Certain of these groups deviate from the tenets which most groups hold as basic to Christianity and are considered heretical or even non-Christian by many mainstream Christian groups; this is particularly true for non-trinitarians.
Most churches have long expressed ideals of being reconciled with each other, and in the 20th Century Christian ecumenism advanced in two ways. One way was greater cooperation between groups, such as the Edinburgh Missionary Conference of Protestants in 1910, the Justice, Peace and Creation Commission of the World Council of Churches founded in 1948 by Protestant and Orthodox churches, and similar national councils like the National Council of Churches in Australia which also includes Roman Catholics.
The other way was institutional union with new United and uniting churches. Congregationalist, Methodist, and Presbyterian churches united in 1925 to form the United Church of Canada and in 1977 to form the Uniting Church in Australia. The Church of South India was formed in 1947 by the union of Anglican, Methodist, Congregationalist, Presbyterian, and Reformed churches.
Steps towards union on a global level have also been taken in 1965 by the Catholic and Orthodox churches mutually revoking the excommunications that marked their Great Schism in 1054; the Anglican Roman Catholic International Commission (ARCIC) working towards full communion between those churches since 1970; and the Lutheran and Catholic churches signing The Joint Declaration on the Doctrine of Justification in 1999 to address conflicts at the root of the Protestant Reformation. In 2006 the Methodist church also adopted the declaration,
Christians identify Jesus as God incarnate and the Messiah. The title Messiah comes from the Hebrew word מָשִׁיחַ (māšiáħ) meaning "the anointed one". The Greek translation Χριστός (Christos) is the source of the English word Christ.
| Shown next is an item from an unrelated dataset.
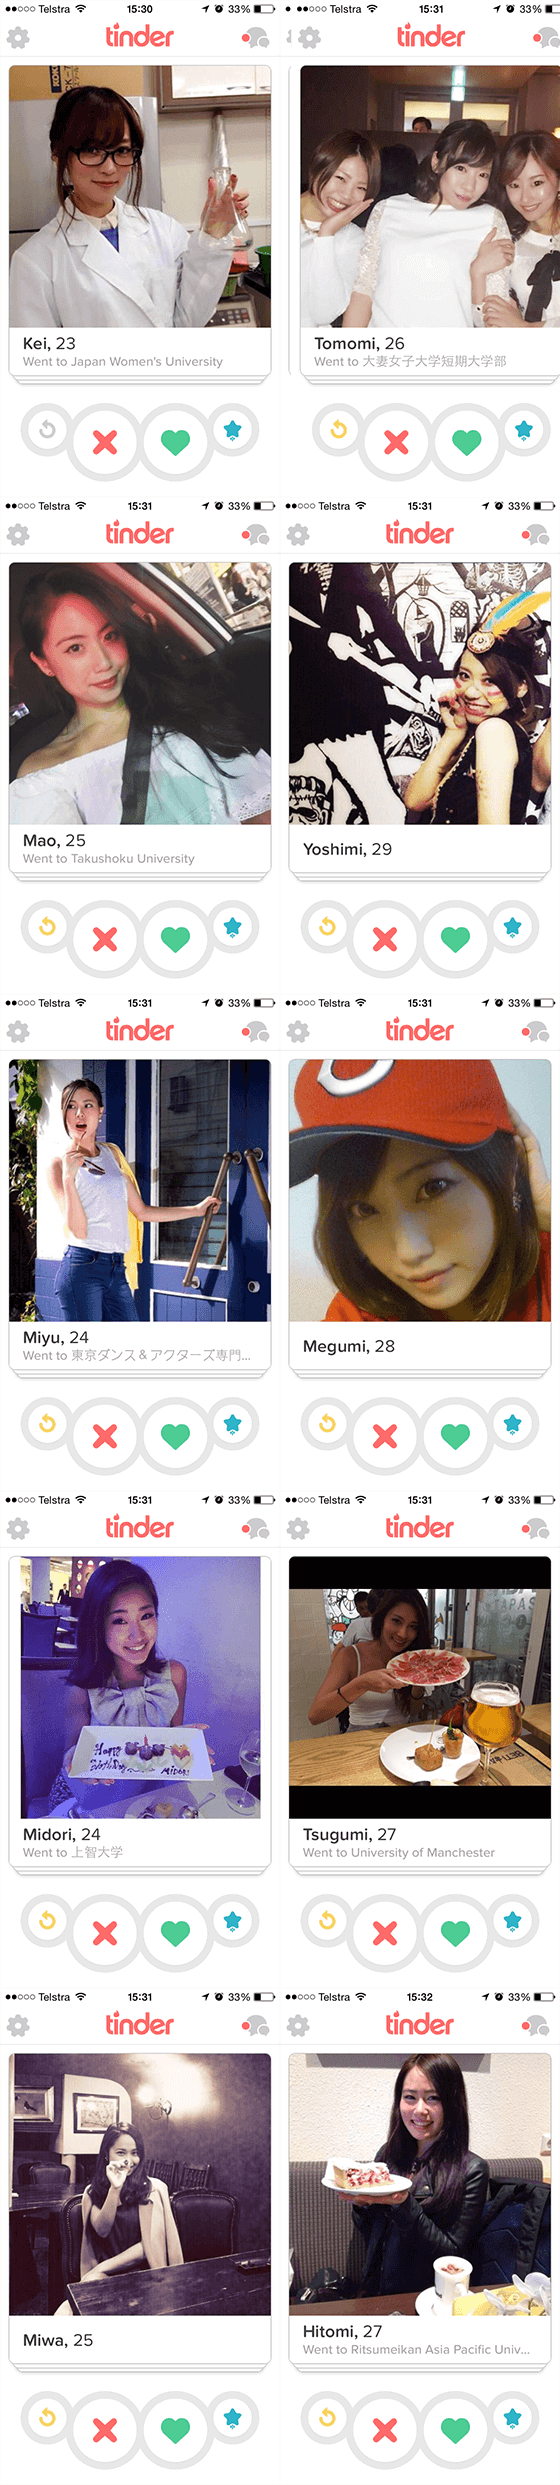 Hottest-Popular-Tinder-girls-in-Tokyo-Japan
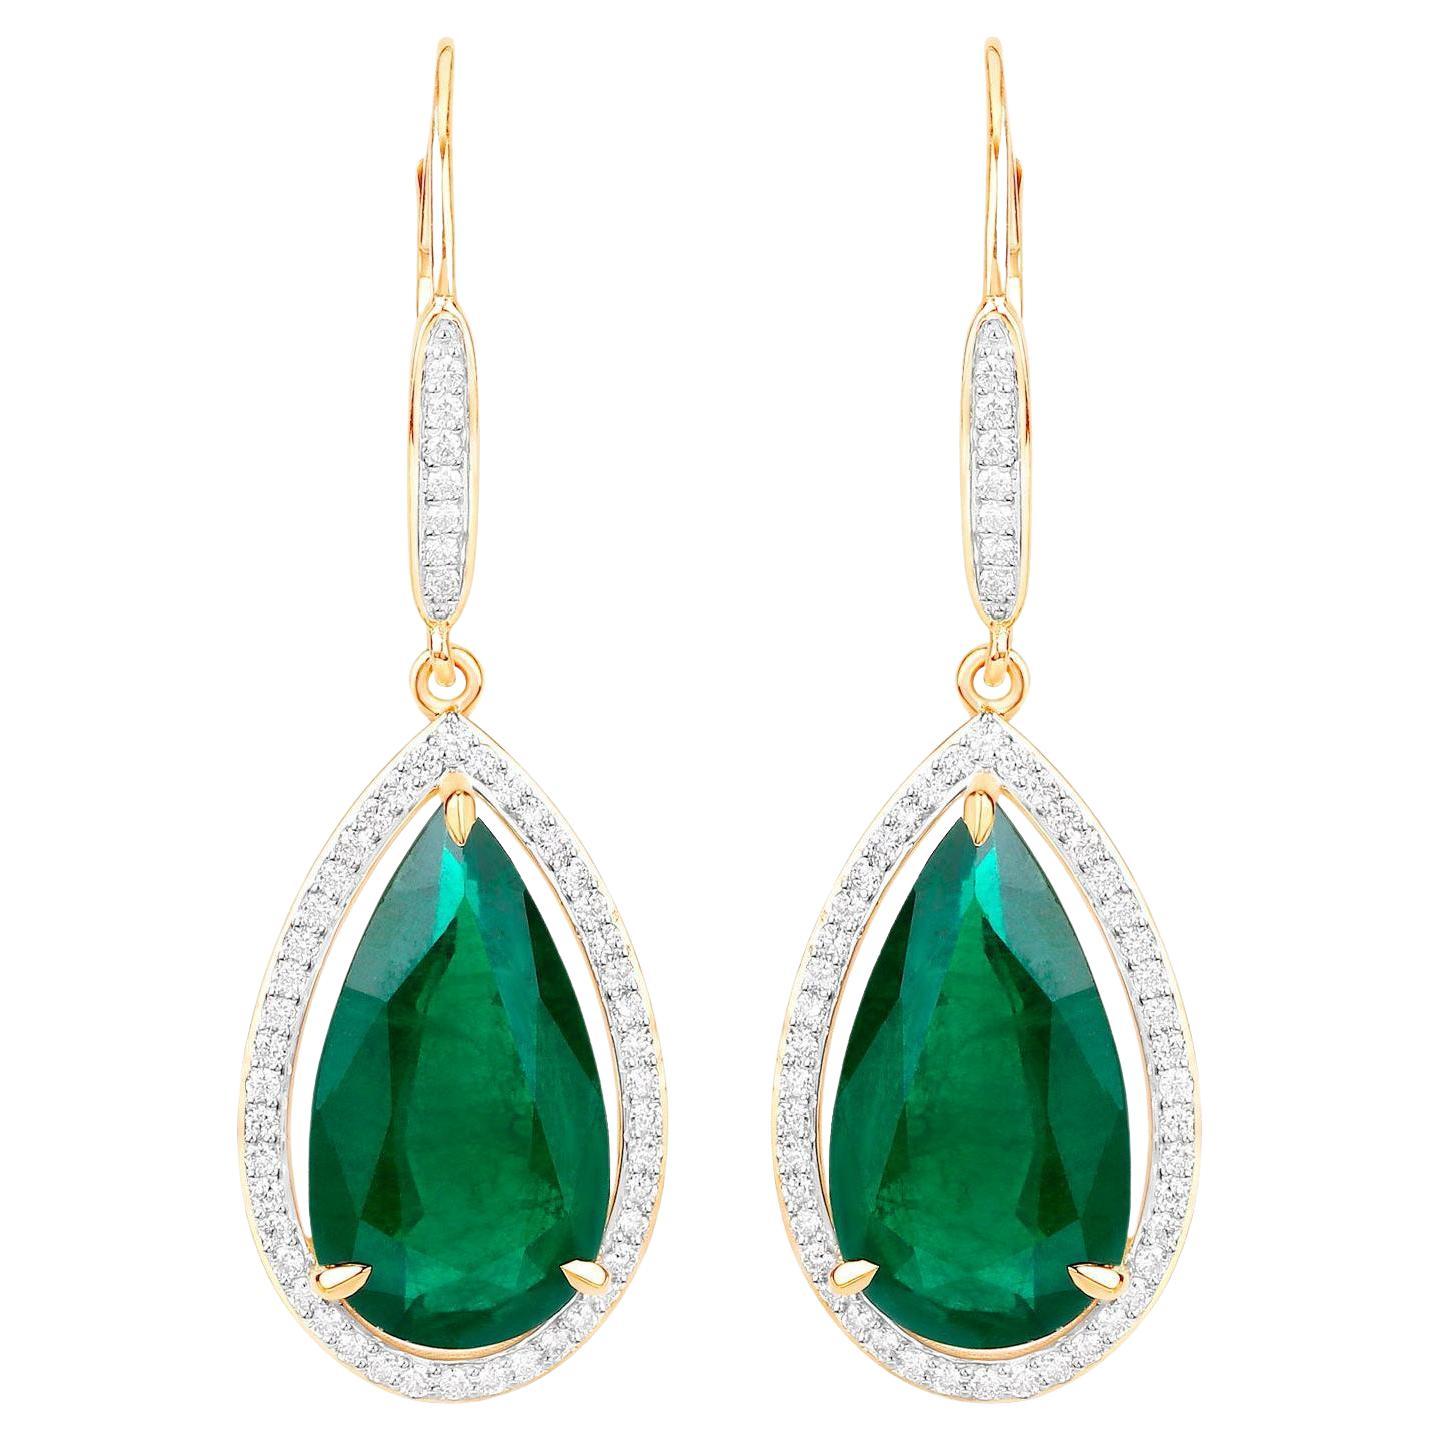 IGI zertifiziert sambischen Smaragd Ohrringe Diamanten 16,15 Karat 14K Gelb G

Christians believe that, as Messiah, Jesus was anointed as ruler and savior of both the Jewish people specifically and of humanity in general, and hold that Jesus coming was the fulfillment of messianic prophecies of the Old Testament. The Christian concept of Messiah differs significantly from the contemporary Jewish concept.
Most Christians believe that Jesus is "true God and true man" (or both fully divine and fully human). Jesus, having become fully human in all respects, including the aspect of mortality, suffered the pains and temptations of mortal man, yet he did not sin. As fully God, he defeated death and rose to life again with the resurrection. According to Christian Scripture, while still a virgin, Mary conceived Jesus not by sexual intercourse, but by the power of the Holy Spirit.
Little of Jesus childhood is recorded in the Gospels compared to his adulthood, especially the week before his death. The Biblical accounts begin with his baptism, and go on to recount miracles (e.g. turning water into wine at a marriage at Cana, exorcisms, healings, &c.), quote his teachings (e.g. the Sermon on the Mount and parables) and narrate his deeds (e.g. calling the Twelve Apostles and sharing hospitality with outcasts and the poor).